第1のコーティング液の固形分濃度(第1のコーティング液中の無機微粒子およびアルコキシシランの加水分解物の合計の濃度)は、無機微粒子含有酸化ケイ素膜の着膜効率および第1のコーティング液の粘度(取扱性)の点から、0.3~70質量%が好ましく、3~25質量%がより好ましい。
第1のコーティング液の塗布方法としては、無機微粒子含有酸化ケイ素膜付ガラス基板を生産効率よく製造できる点から、第1のコーティング液を、ノズル(たとえば、スプレーガン等)を用いて噴霧するスプレー法が好ましい。
スプレー法による具体的な塗布方法としては、下記の方法(i)、(ii)、(iii)等が挙げられ、工程数が少なく、無機微粒子含有酸化ケイ素膜付ガラス基板をより生産効率よく製造できる点から、方法(ii)が好ましい。
(ii)ノズルから一方向に移動しているガラスリボンに第1のコーティング液を噴霧する方法。
(iii)移動しているガラス基板の上方でノズルを移動させながら、あるいはノズルを固定して、ノズルからガラス基板に第1のコーティング液を噴霧する方法。
第2のコーティング液は、金属酸化物の前駆体と、必要に応じて液状媒体とを含むものである。
金属酸化物の前駆体としては、下記のものが挙げられる。
酸化チタンの前駆体:チタニウムアルコシキド、チタニウムアルコキシド、酢酸チタン、チタニウムオキシアセチルアセトナート、チタニウムアセチルアセトナート、エチレンジアミン四酢酸チタン、エチルヘキサン酸チタン、安息香酸チタン、乳酸チタン、硫化チタン、フッ化チタン、塩化チタン、臭化チタン、ヨウ化チタン等。

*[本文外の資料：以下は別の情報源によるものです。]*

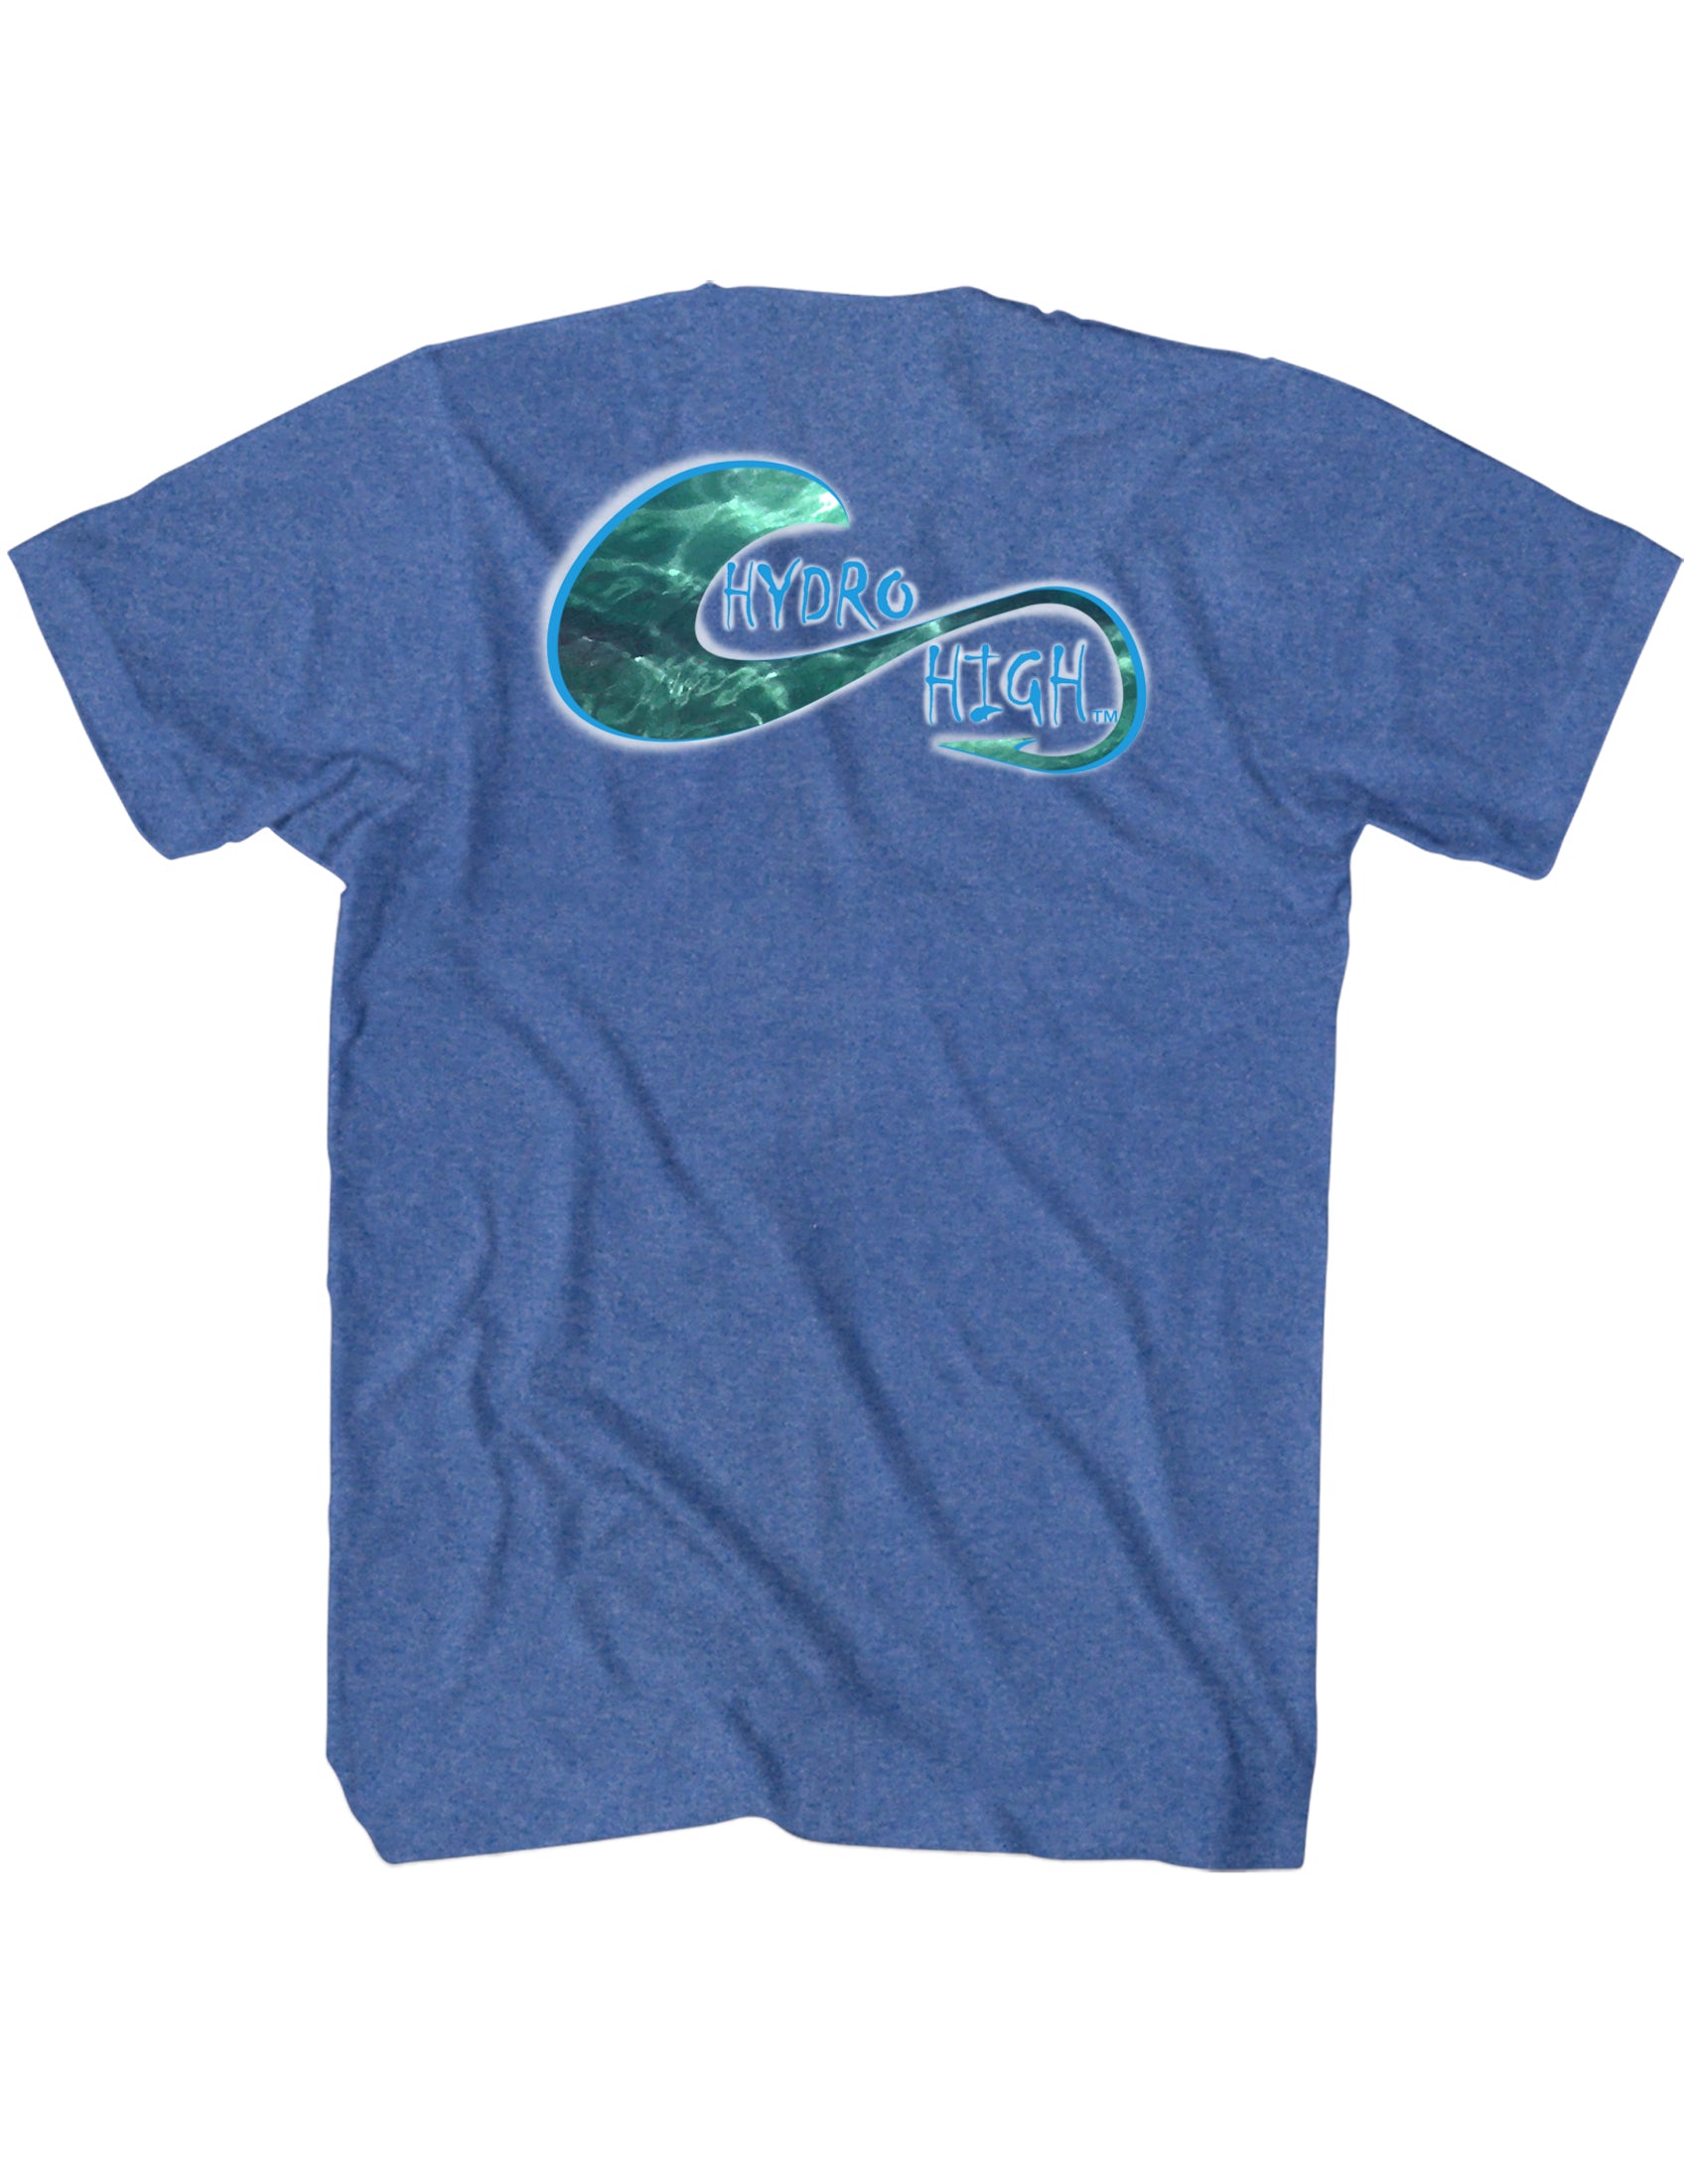 Hook & Wave Ocean Colors Logo T-Shirt Back Design – Hydro High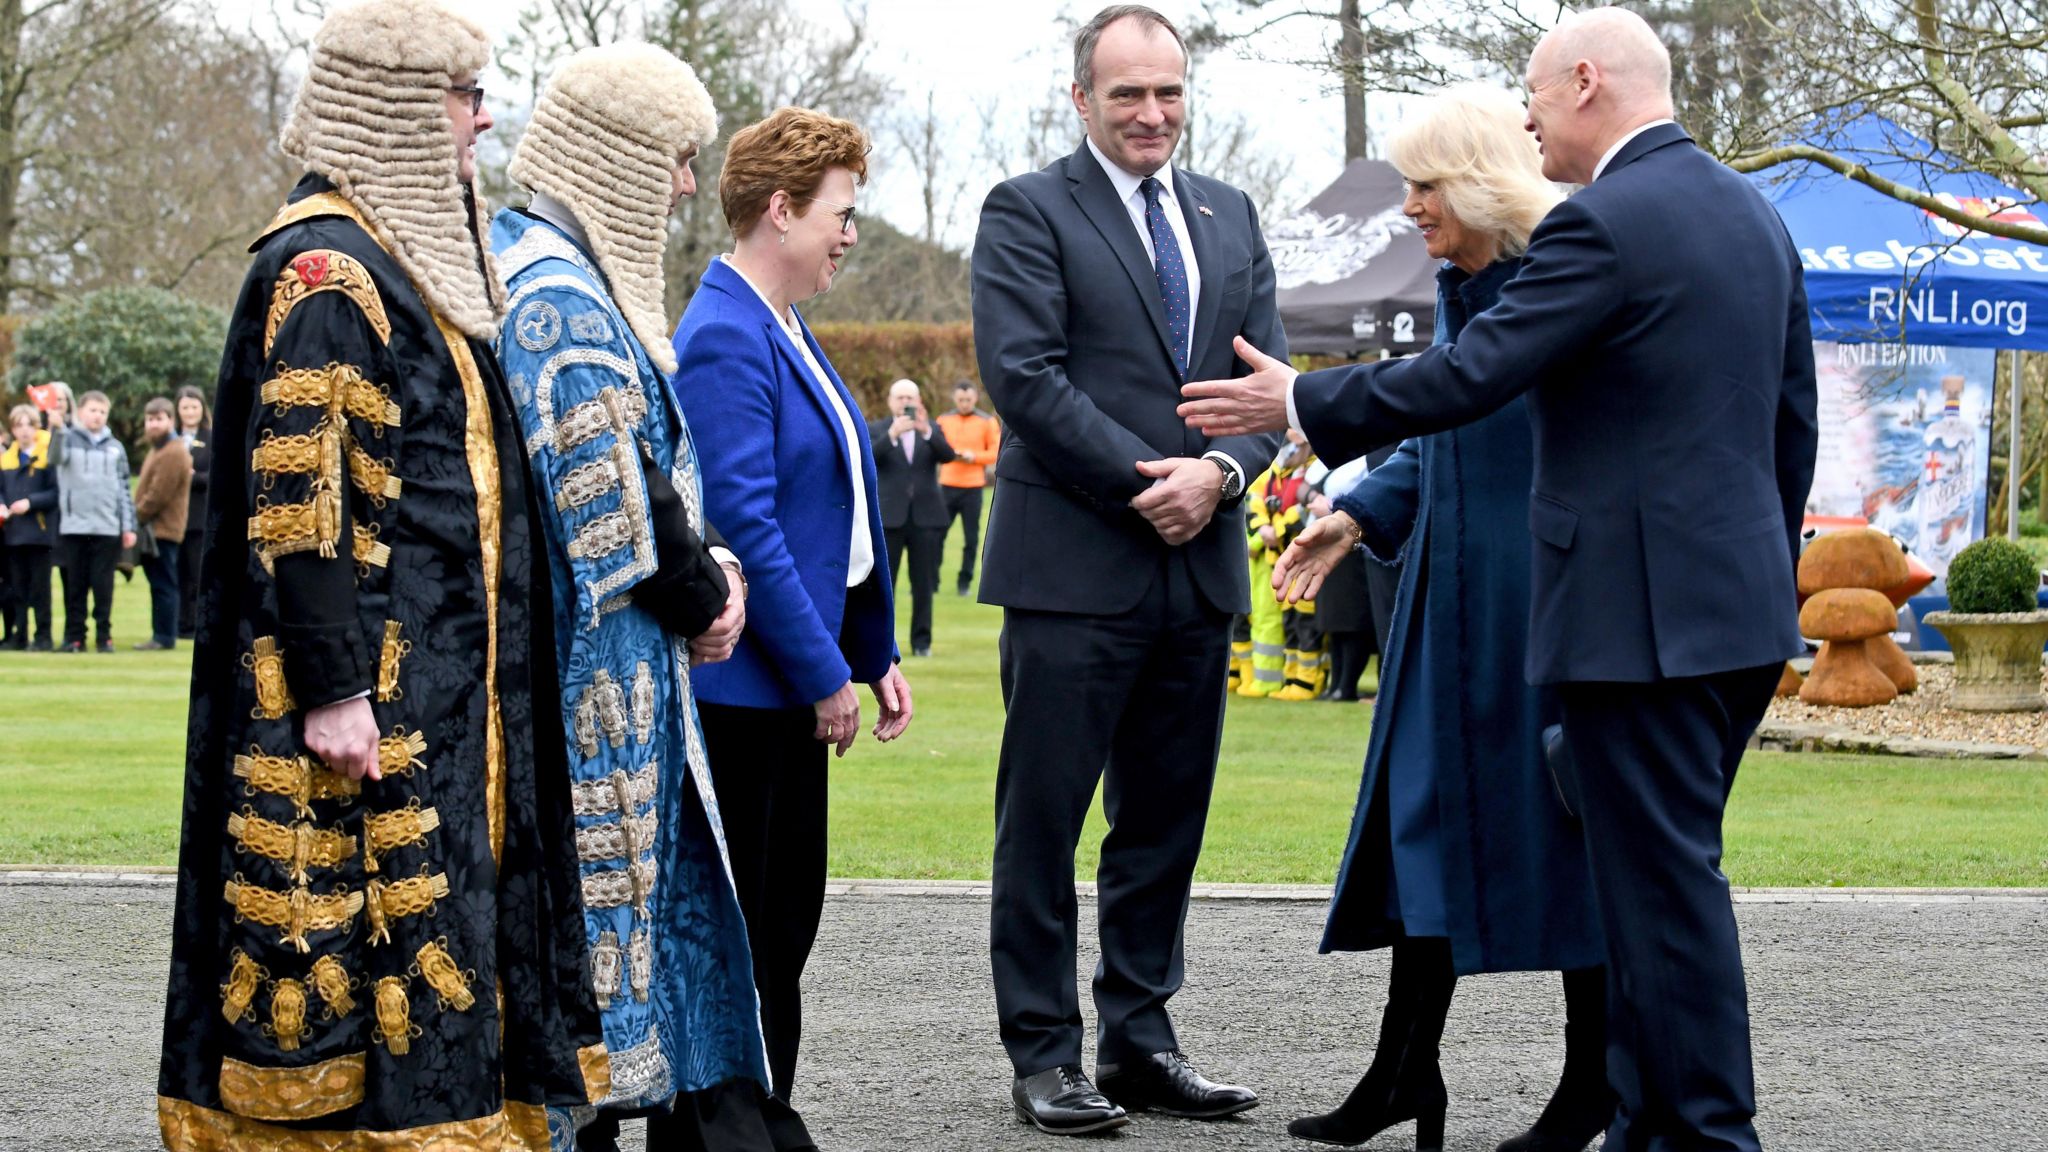 Senior politicians meeting the Queen Consort

酸化亜鉛の前駆体:酢酸亜鉛、亜鉛アセチルアセトナート、エチレンジアミン四酢酸亜鉛、エチルヘキサン酸亜鉛、オクタデカン酸亜鉛、安息香酸亜鉛、ナフテン酸亜鉛、乳酸亜鉛、硫化亜鉛、ほう酸亜鉛、炭酸亜鉛、フッ化亜鉛、塩化亜鉛、臭化亜鉛、ヨウ化亜鉛等。
酸化スズの前駆体:酢酸スズ、ジブチルスズジアセテート、スズアセチルアセトナート、エチレンジアミン四酢酸スズ、エチルヘキサン酸スズ、硫化スズ、フッ化スズ、塩化スズ、臭化スズ、ヨウ化スズ等。
酸化ケイ素の前駆体:アルコキシシランの加水分解物、オルガノポリシロキサン(シリコーンオイル等)等。
第2のコーティング液の液状媒体は、金属酸化物の前駆体に応じて、適宜選択すればよい。
第2のコーティング液の固形分濃度(第2のコーティング液中の金属酸化物の前駆体の濃度)は、金属酸化物の前駆体に応じて、適宜選択すればよい。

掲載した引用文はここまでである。